The first changes I would advocate for would be the introduction of a more urban scale in this industrial site, by mixing, in the form of alleys, squares, and streets. Key connections should be created on site using the existing infrastructure, and linking it to surrounding areas, for example: Marconiplein, and Dakpark. This helps to create high quality pedestrian spaces where mixed-use typologies of working and living can thrive. This must be accomplished in a way that makers and inhabitants can directly benefit from the intersection of these functions. 

To that end, what is missing in the current focus for the area, and how can the intervention effectively address this?
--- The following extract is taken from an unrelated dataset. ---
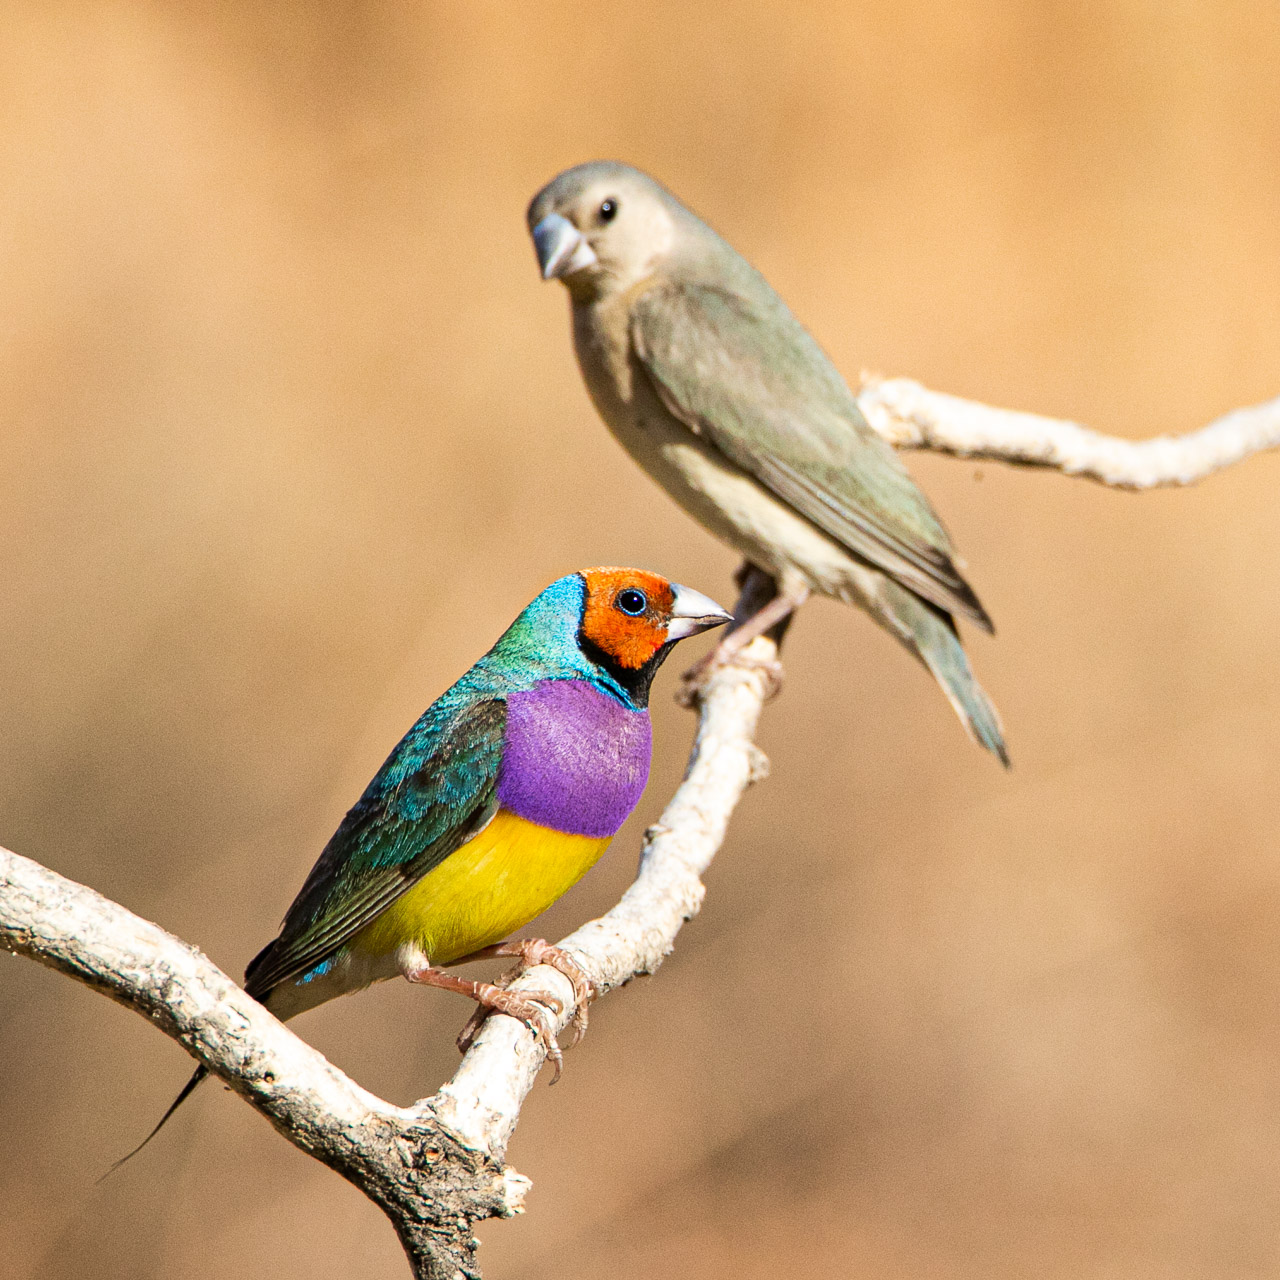 Adult and juvenile gouldian finches in Wyndham WA

I think it’s what is there now, is great. Workshops are free to function, and makers take ownership and organise themselves in community. However, the current focus is mostly on adding densifying the area with new housing. There is not enough attention on how existing workshops and new residential functions can come together. More time should be spent on studying how these can be combined, and function within the scale of the architecture and the urban spaces. 

Can the development of this particular site and area serve as an example to similar contexts in the Netherlands?

Yes, and to that end, I’m also conducting research on mixed typologies and how living and workshops can coexist in a city. It’s still an area of growth as to how to do this effectively in multiple sites in the Netherlands, for example in Eindhoven, and Amsterdam, as far as the transformation of post-industrial sites to housing and mixed-use developments is concerned. There remains an ongoing question as to how to mix housing and working; there are not so many examples that I’m aware of.  Also in Rotterdam there are many sites where this question becomes relevant. 

For example, in Rotterdam’s new development for Zoho, no one wants to sacrifice existing mixed-use qualities and the ad hoc makers and artists ateliers. There must be a way to integrate this with the housing above. There are so many examples where transformation is completed, but these often leave little space for informality and freedom for the users. Instead, they link new developments to the industrial past in a superficial way, without assuring the same qualities of interactions. There is valuable freedom in undeveloped sites and as soon as you develop in a standard way without allowing experimentation, you lose these qualities. You lose diversity, and it’s extremely important to understand how we can best preserve it. 

Multi-level clusters consisting of workshops, housing, and shared functions

Visualisation: Izabela Slodka (a 3D printed model of a part of the Makers’ Maze plan illustrates the concept of creating multi-level clusters consisting of workshops, housing and shared functions. These volumes create a series of diverse public and semi-public outdoor spaces situated on multiple levels of the plan).

Vierhavensblok winner, Makers’ Maze

image of izabela slodka

Izabela Slodka

studied in Cracow, Poland and at Delft University of Technology, where she received her master’s degree in 2016. Her project “Collage and Continuity” was nominated for Young Talent Architecture Award – part of the European Union Prize for Contemporary Architecture – Mies van der Rohe Award, organised by the Fundació Mies van der Rohe. After winning the Europan 15 competition in 2019 with her proposal Makers’ Maze, she founded her own studio, Studio Iza Slodka.